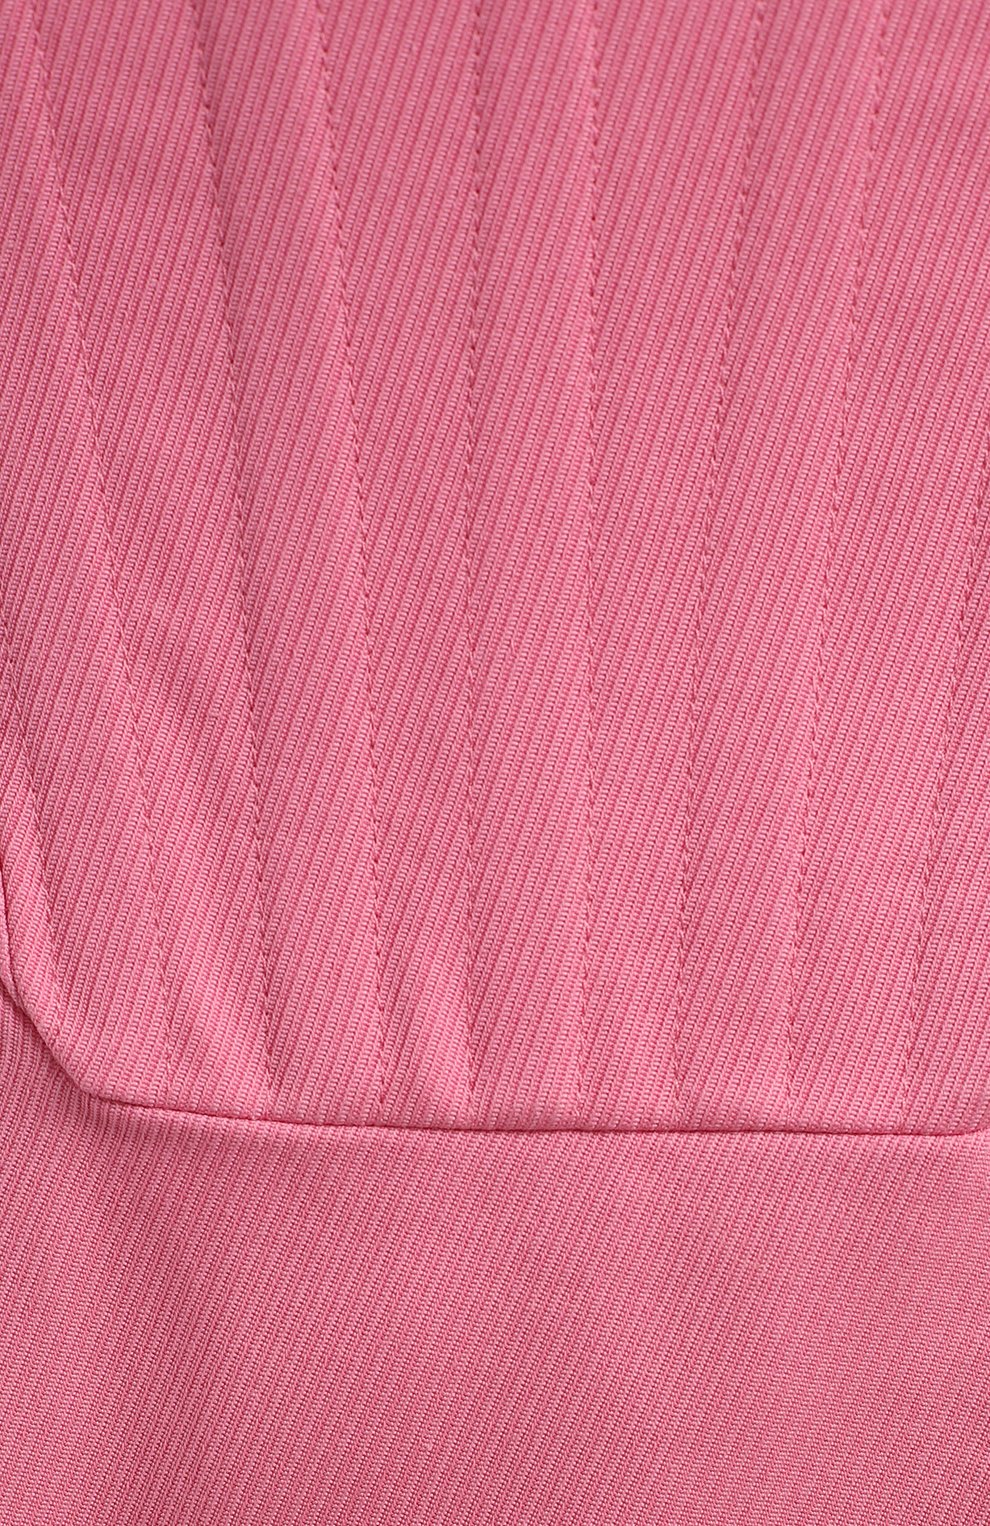 Платье из хлопка и льна | Giuseppe di Morabito | Розовый - 3
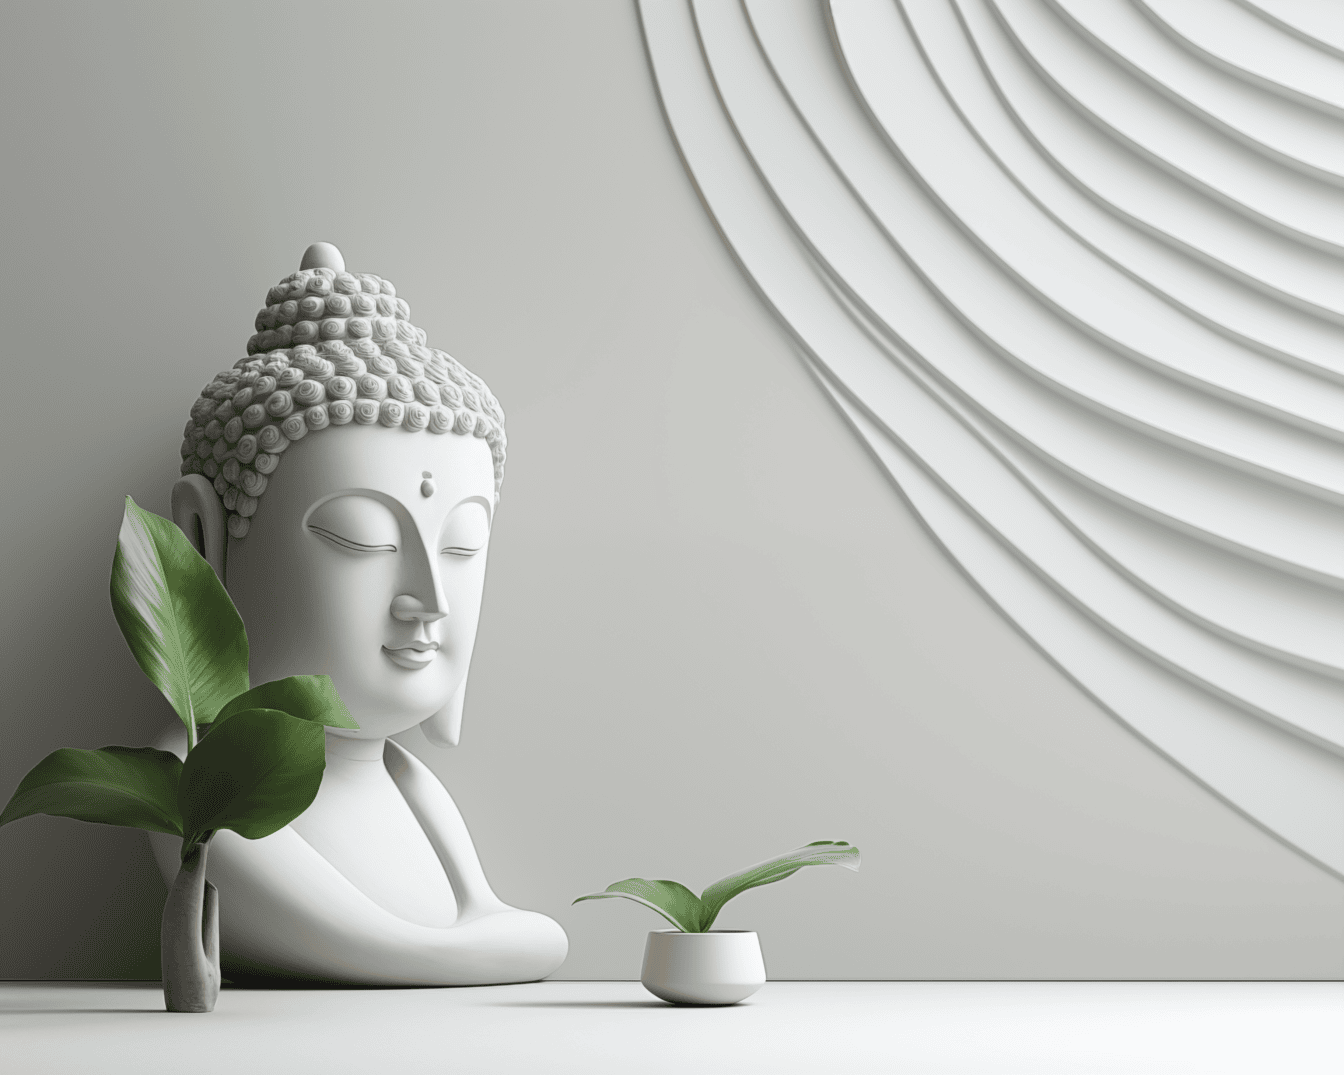 Design interior minimalista com estatueta branca de Buda ao lado de um vaso e com decoração moderna em uma parede branca
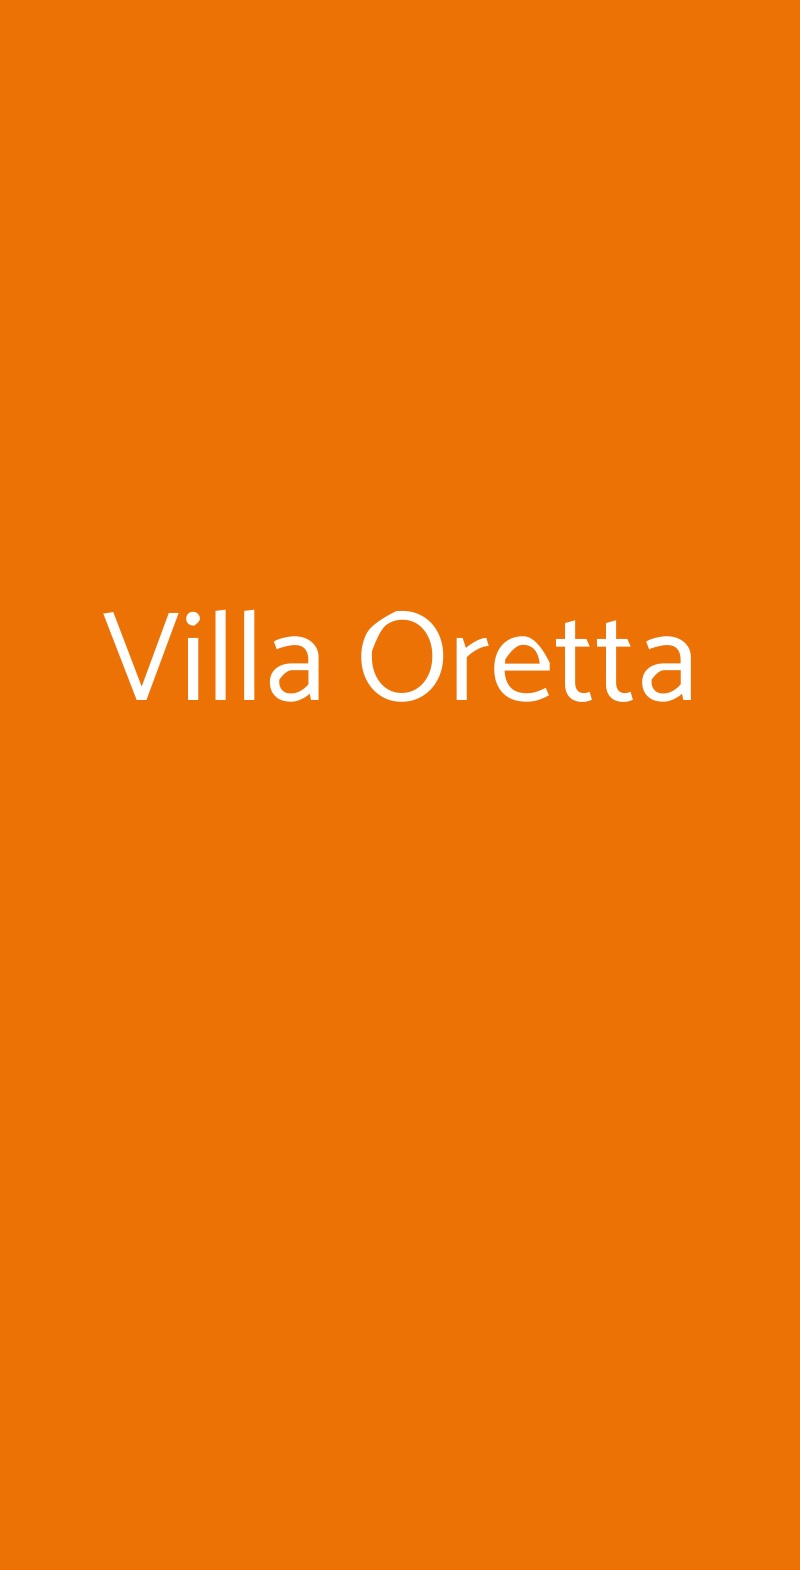 Villa Oretta Cortina d'Ampezzo menù 1 pagina

> WORK INSTRUCTION
Transcribe the listing above exactly, leaving every picture out.

> PROBLEM SOLUTION
 Платье из хлопка и льна | Giuseppe di Morabito | Розовый - 3
 Design interior minimalista com estatueta branca de Buda ao lado de um vaso e com decoração moderna em uma parede branca
 Villa Oretta Cortina d'Ampezzo menù 1 pagina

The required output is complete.